Key questions answered:

Q: How can two different brains see the same thing in the same way?

A: Although neurons differ between individuals, the relationships between neural responses to objects (like the way the brain reacts to a cat versus a dog) follow a universal pattern.

Q: How did researchers study this phenomenon of shared perception?

A: They recorded real-time neural activity from epilepsy patients with brain implants, providing direct insights into how information is represented in the human brain.

Q: Why does this matter beyond neuroscience?

A: The discovery bridges human cognition and artificial intelligence, showing how understanding the brain’s representational code could guide the design of more efficient AI systems.

About this perception and neuroscience research news.

Author: Lital Ben Ari
Source: Reichman Institute
Contact: Lital Ben Ari – Reichman Institute
Image: Image is credited to Neuroscience News.

Original research: Open access.
“Cross-subject-invariant relational structures in high-order human visual cortex” by Ofer Lipman et al. Nature Communications

Abstract

Cross-subject-invariant relational structures in high-order human visual cortex.

It is fundamental in behavior that different individuals see the world in very similar ways. This is an essential foundation for humans’ ability to cooperate and communicate.

However, what are the neural properties that underlie these commonalities between subjects in our visual world?

Discovering which aspects of neural coding remain invariant in the brains of individuals will shed light not only on this fundamental question but will also point out the neural coding scheme at the basis of visual perception.
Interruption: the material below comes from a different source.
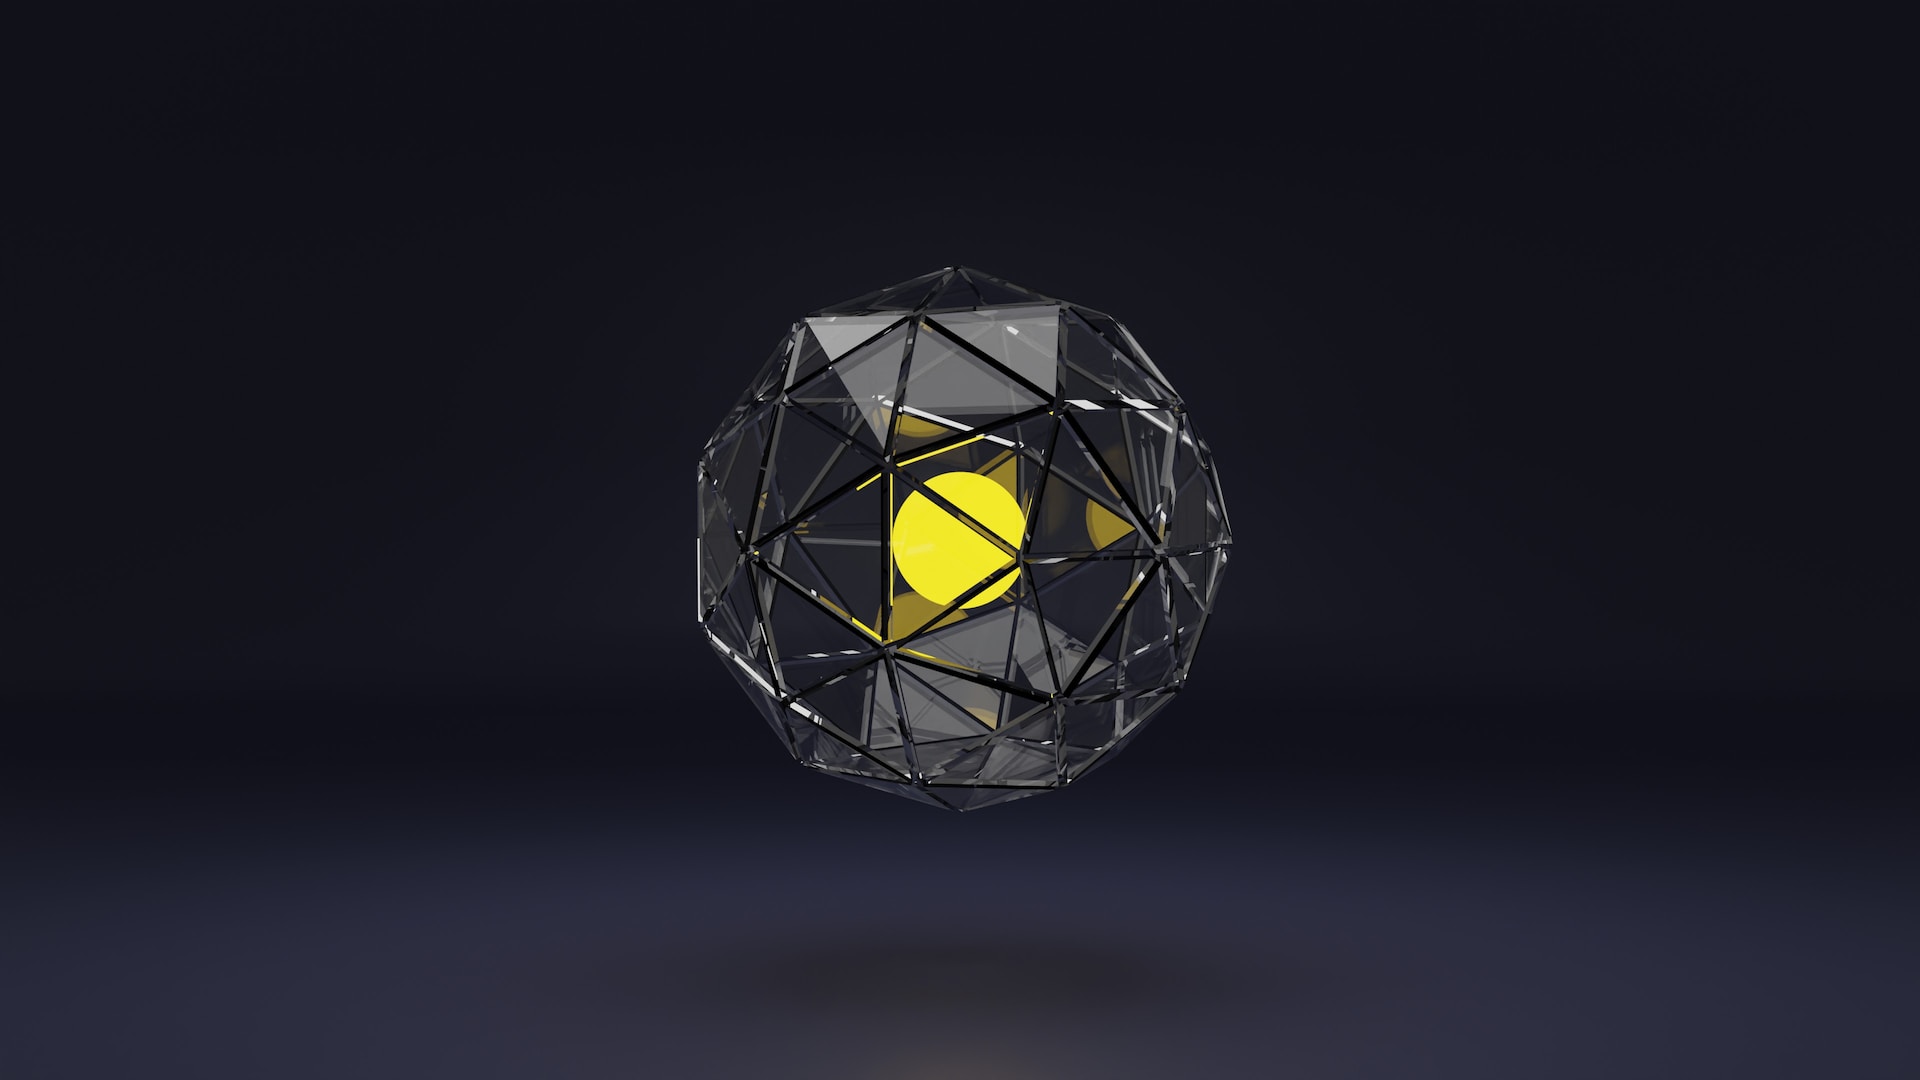 3D image of a yellow circle inside a glass cage

Here, we addressed this question by obtaining intracranial recordings from three groups of patients participating in a visual recognition task (in total, 19 patients and 244 high-order visual contacts included in the analyses) and examining the neural coding scheme that was most consistent across the individuals’ visual cortex.

Our results highlight relational coding, expressed by the set of similarity distances between profiles of pattern activations, as the most consistent representation across individuals.

Alternative coding schemes, such as activation pattern coding or linear coding, did not achieve similar consistency across subjects.

Therefore, our results support relational coding as the core neural code underlying the shared perceptual content of individuals in the human brain.